A 47-year-old man was initially diagnosed in the Department of Endocrinology due to clinical signs indicative of acromegaly. The suspicion of acromegaly arose from clinical observations that included digital hypertrophy, characterized by increased dimensions and thickness of the fingers and toes, as well as hypertrophy of nasal structures, prognathism, and concurrent symptoms of sleep apnea. The hormonal profile was normal except for the growth hormone (GH) levels, which were at the upper limit of the reference range (2.4 ng/ml; normal range, 0.03–2.47 ng/ml), with no GH suppression during the oral glucose tolerance test (until 1.99 ng/ml). Additionally, the patient exhibited elevated levels of insulin-like growth factor 1 (487.4 ng/ml; reference range, 71–224 ng/ml). Notably, there were no signs of diabetes insipidus. Magnetic resonance imaging (MRI) revealed a normal-size pituitary gland within the sella with a visible lesion with radiological features of microadenoma (3 mm × 7 mm × 9 mm) along the entire base of the pituitary (Figure 1A and 1B). Based on the hormonal profile and imaging findings, a diagnosis of acromegaly was established without any suggestion of a collision lesion.

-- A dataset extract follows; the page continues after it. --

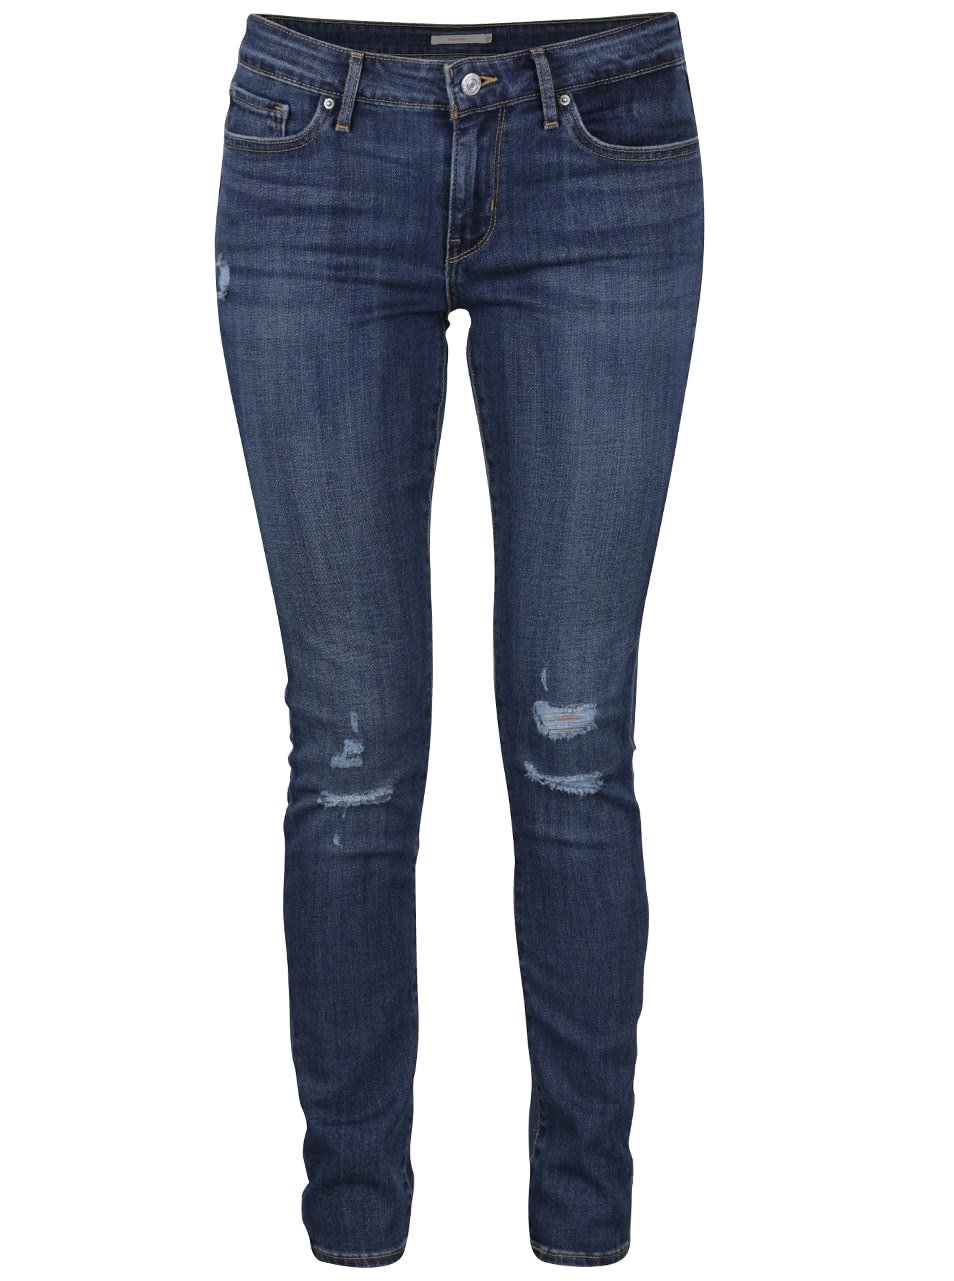 Tmavě modré dámské skinny džíny s potrhaným efektem Levi's® 711

The patient was scheduled for surgery, endoscopic transsphenoidal tumor removal. Intraoperatively, a mass lesion characteristic of pituitary adenoma was identified, clearly distinguishable by both color and structure from the normal pituitary gland. Postsurgery, there was a significant decrease in serum GH levels (0.3 ng/ml on postoperative day 3), along with development of postoperative diabetes insipidus requiring desmopressin treatment. Postoperative imaging revealed minimal surgery-induced changes within the sella.

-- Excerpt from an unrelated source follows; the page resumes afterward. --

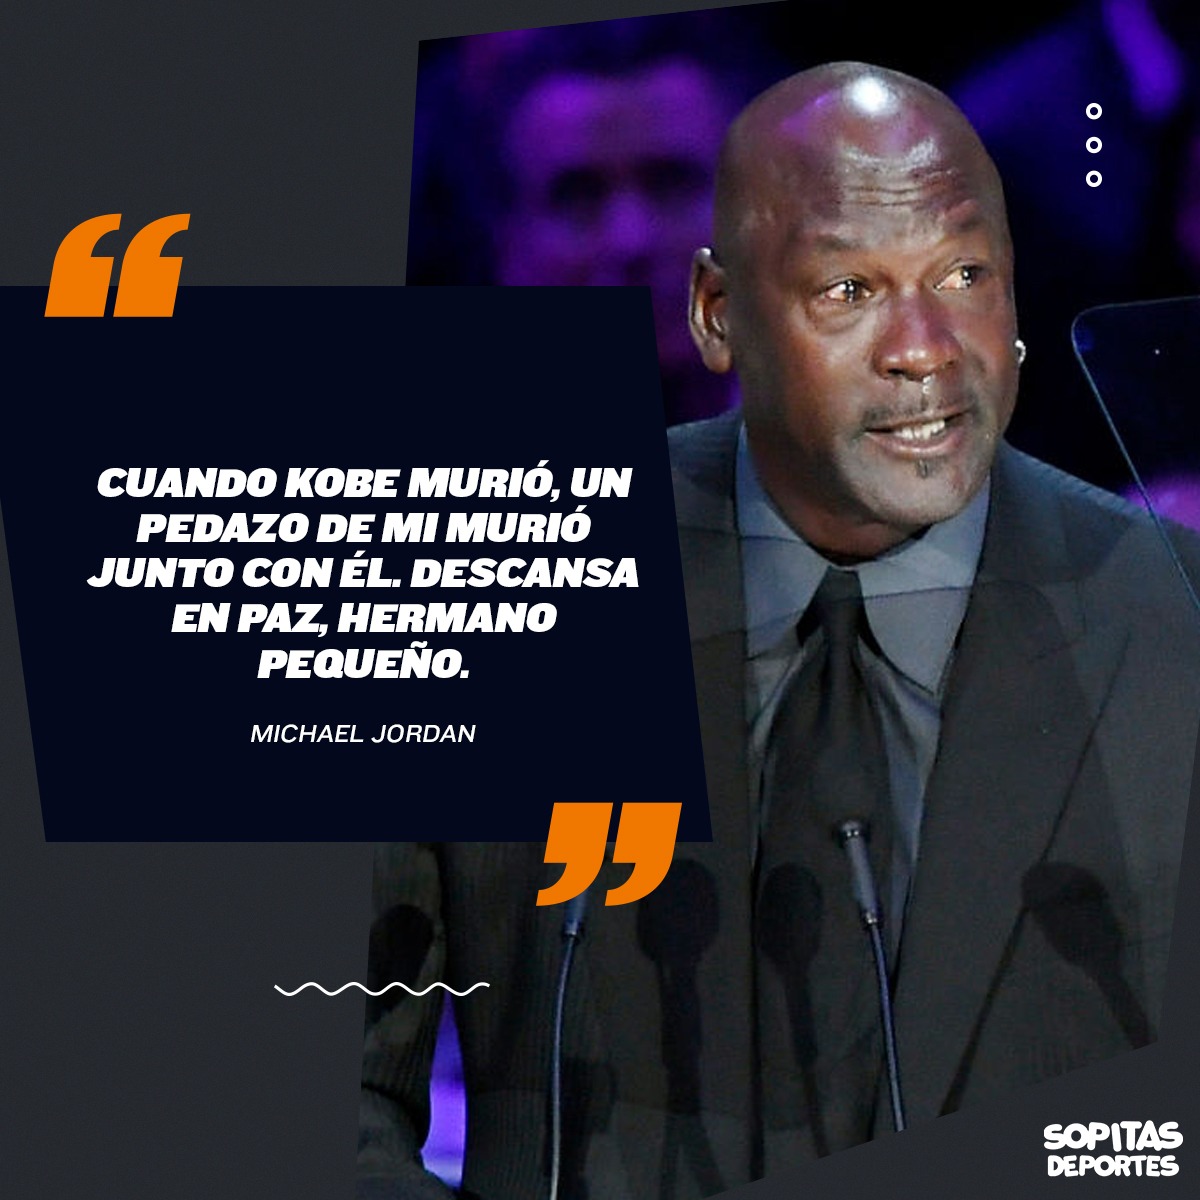 Acá te dejamos el discurso completo de Michael Jordan en el memorial a Kobe Bryant

Histopathologic and immunohistochemical examination revealed the presence of 2 neoplastic components in the lesion: pituicytoma and PitNET with positive immunostaining for GH (Figure 1C–1H).
At 18-month follow-up, MRI confirmed the removal of the pathologic mass, and clinical and biochemical symptoms of acromegaly resolved. There were no signs of pituitary insufficiency, including diabetes insipidus, which allowed for withdrawal of desmopressin treatment.
In conclusion, rare posterior pituitary tumors and collision tumors should be considered in a differential diagnosis of MRI-visible intrasellar lesions, even if the lesions do not involve the suprasellar space. According to the existing literature and the authors’ personal experience, distinguishing a collision sellar tumor preoperatively can be challenging, as these lesions often present as a single tumor on imaging. For symptomatic lesions, surgical intervention is recommended.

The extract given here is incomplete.